Miri smiled at Callum and Jay, and then looked quizzically at her son.
“Thanks for coming, everyone,” Zane began. “I wanted you all to be here because I’m going to do something that’s very important to me. It’s an idea I had a while ago, it just took some time to find out the things I need to know.” He glanced around at the group. “A long time ago, there were people called doctors,” he began, not noticing Miri tense up. “Titus read about them, and when he told me more about what they were like, I decided that I wanted to be one too.”
Both Callum and Luthor raised their eyebrows in surprise; like Miri, they were old enough to remember the time before It happened and were no doubt curious to see where this was going.
“Doctors were nice people who made people better, knew lots about bodies, and took a special oath.”
He glanced at Titus who gently prompted him, “The Hippocratic oath.”

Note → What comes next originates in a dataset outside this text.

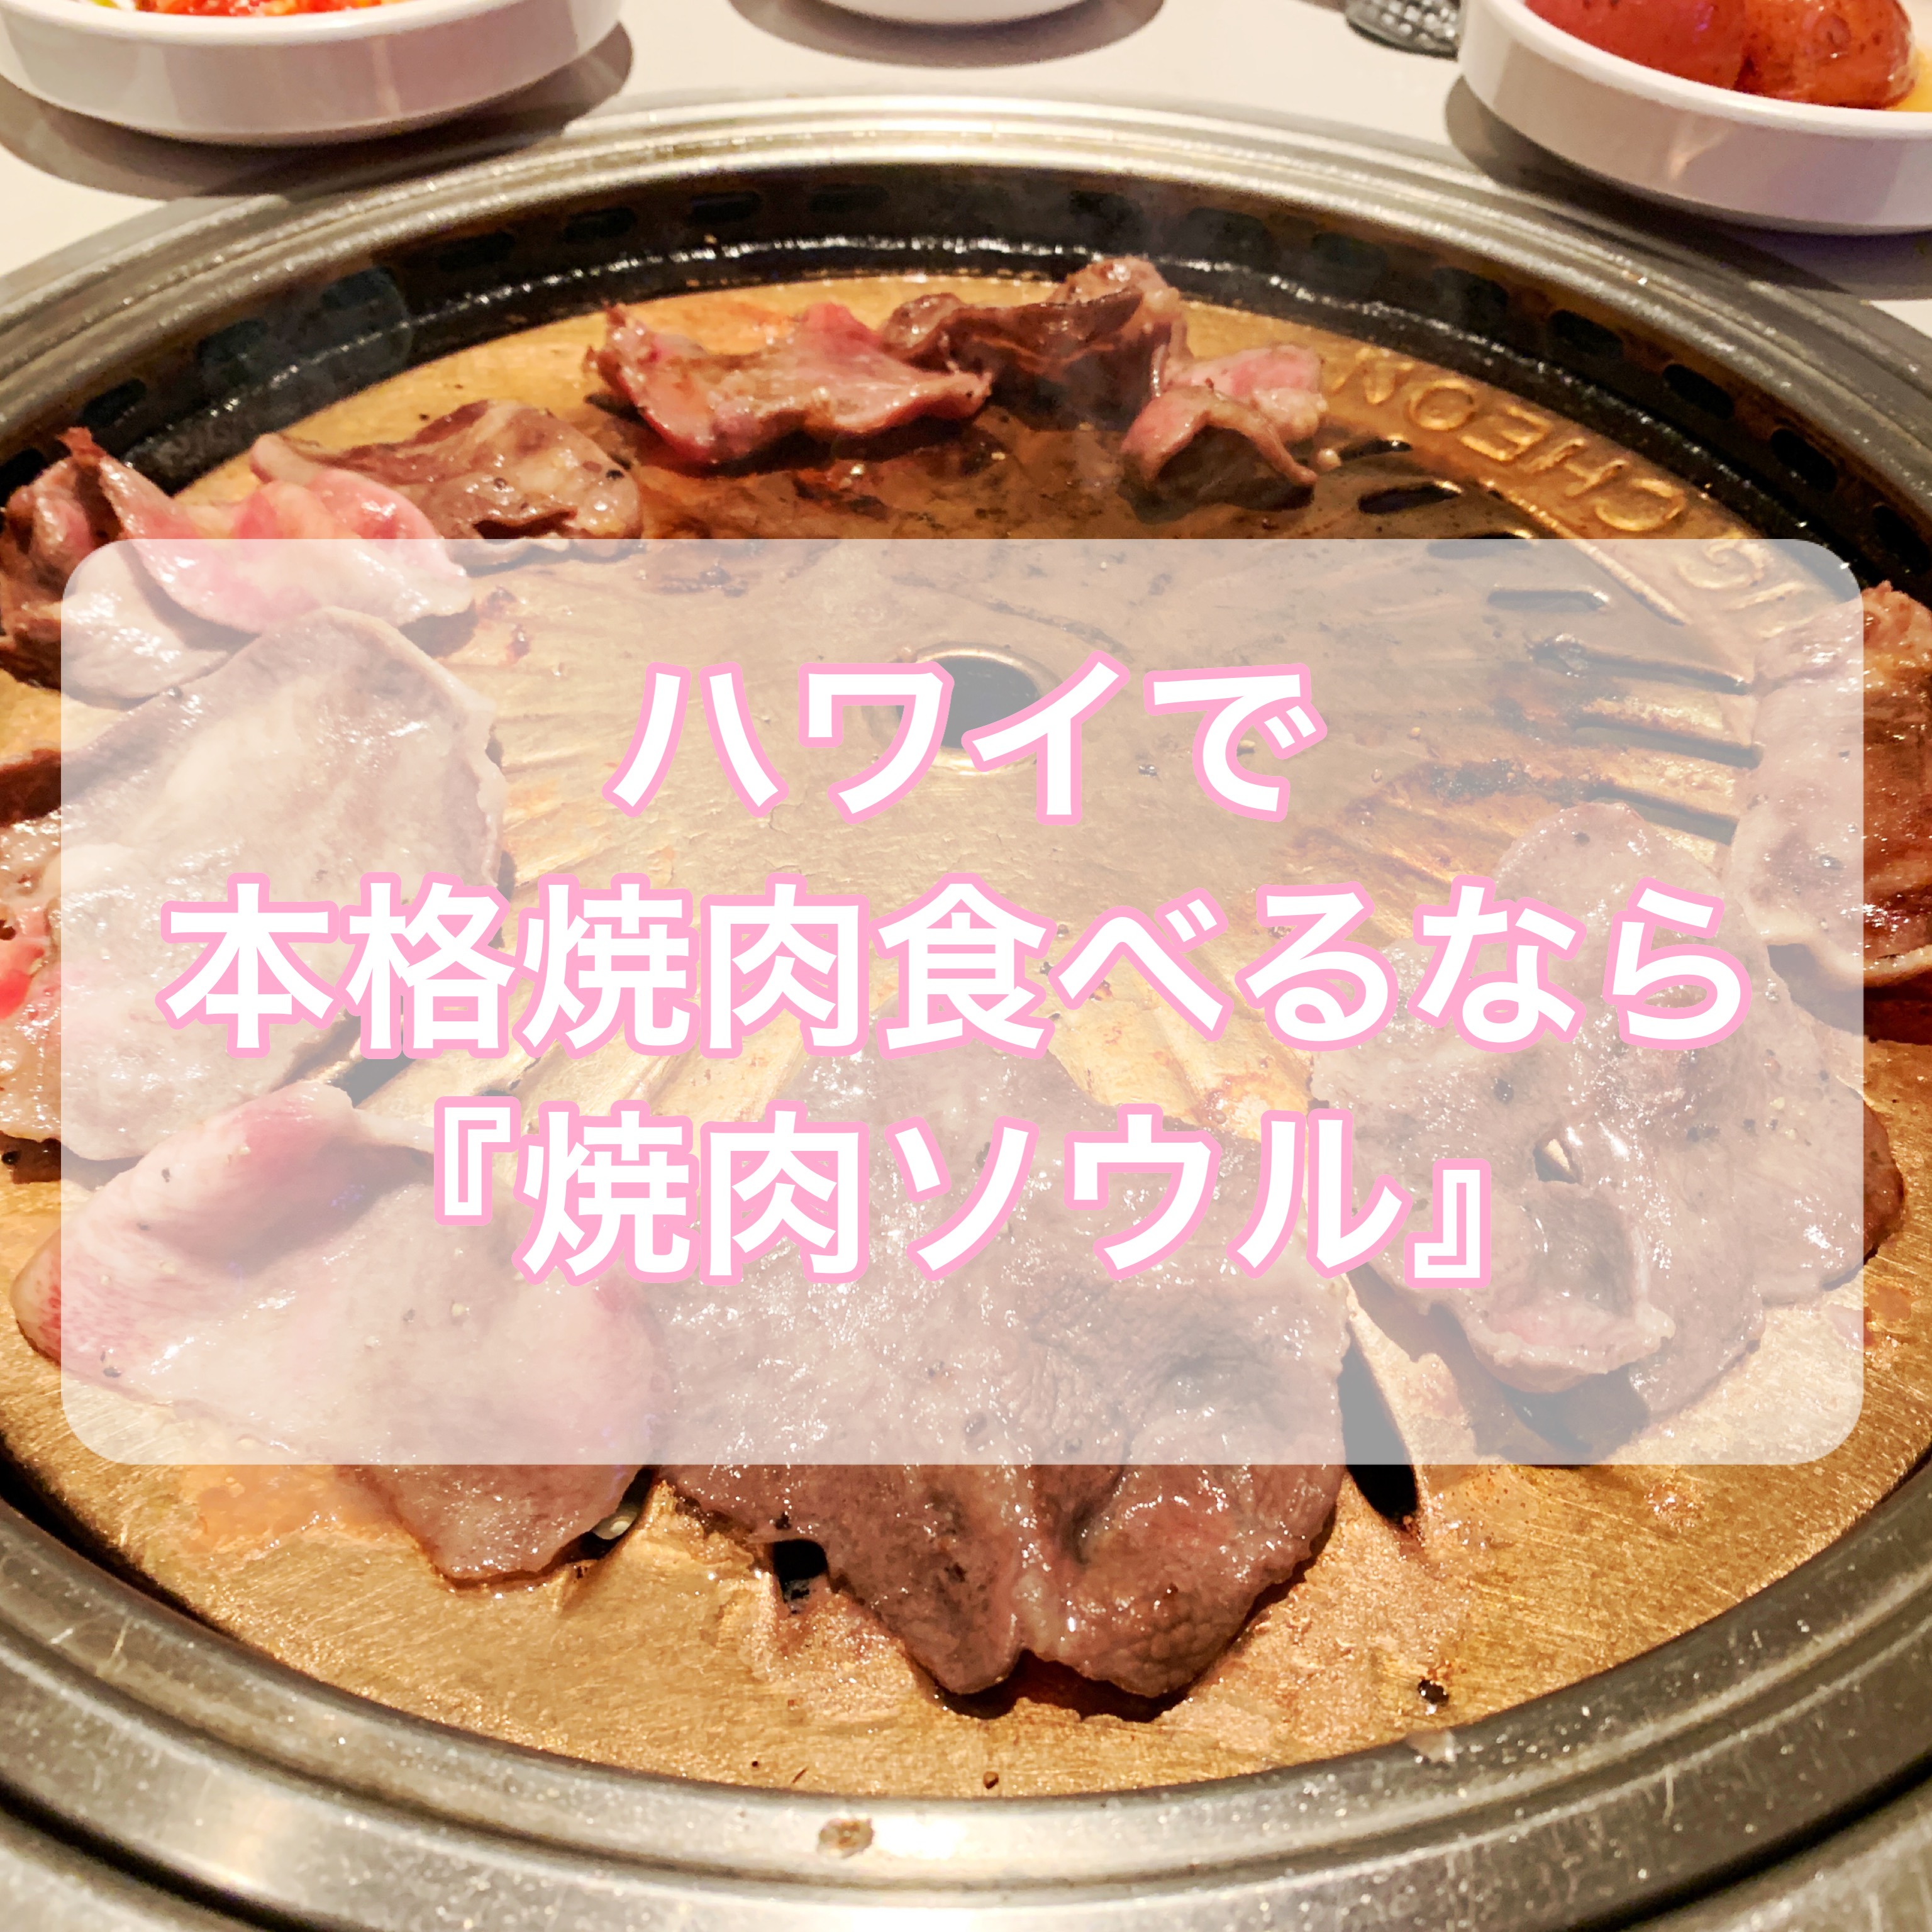 【ハワイグルメ】本格韓国焼肉食べるなら「焼肉ソウル」【おすすめ】

“Yes, that’s the one,” Zane continued. “Me and Mum already try to make people better.” He smiled at Miri, who looked back at him affectionately. “And Titus has found me some more books so I can learn what all the things in the body are called. So that just leaves the oath. Some bits of it didn’t make much sense, so I wrote my own version that has the most important bits in it. I’d like to take it in front of you all, just like a proper oath, so you can all see how much this means to me.”
Zane fished out a piece of paper from his pocket and read out loud, “I, Zane Taylor, do most solemnly swear to always do everything I possibly can to heal the sick, to treat the wounded, and to try to save the life of anyone who is injured or dying.”
Both Luthor and Jay bristled at this, but Zane didn’t notice.
“I swear,” he continued, “that I will remember that sympathy and kindness are just as important as bandages and ointment, and that it is the whole person that should be thought of, not just where they are hurt. If a patient tells me something in confidence, then I will not tell others. If I have the chance to save someone’s life, then I will with thanks, but if I must let them die to end their suffering, I promise that I will do this in a humble and considerate way, and that I will not try to be more important than I really am. May I always heal and find joy in that task.”
He finished and looked around the small circle of people. Titus and Erin beamed at him, whilst Miri dabbed at her eyes with her handkerchief, smiling proudly. Callum nodded at him with respect and Jay winked at him. Luthor stepped towards him.
“If an oath is to be one that binds you, then you should mark it with blood,” he stated, drawing his knife, which made Miri take in a sharp breath. Jay moved forward but Callum put a hand on his shoulder, holding him back calmly.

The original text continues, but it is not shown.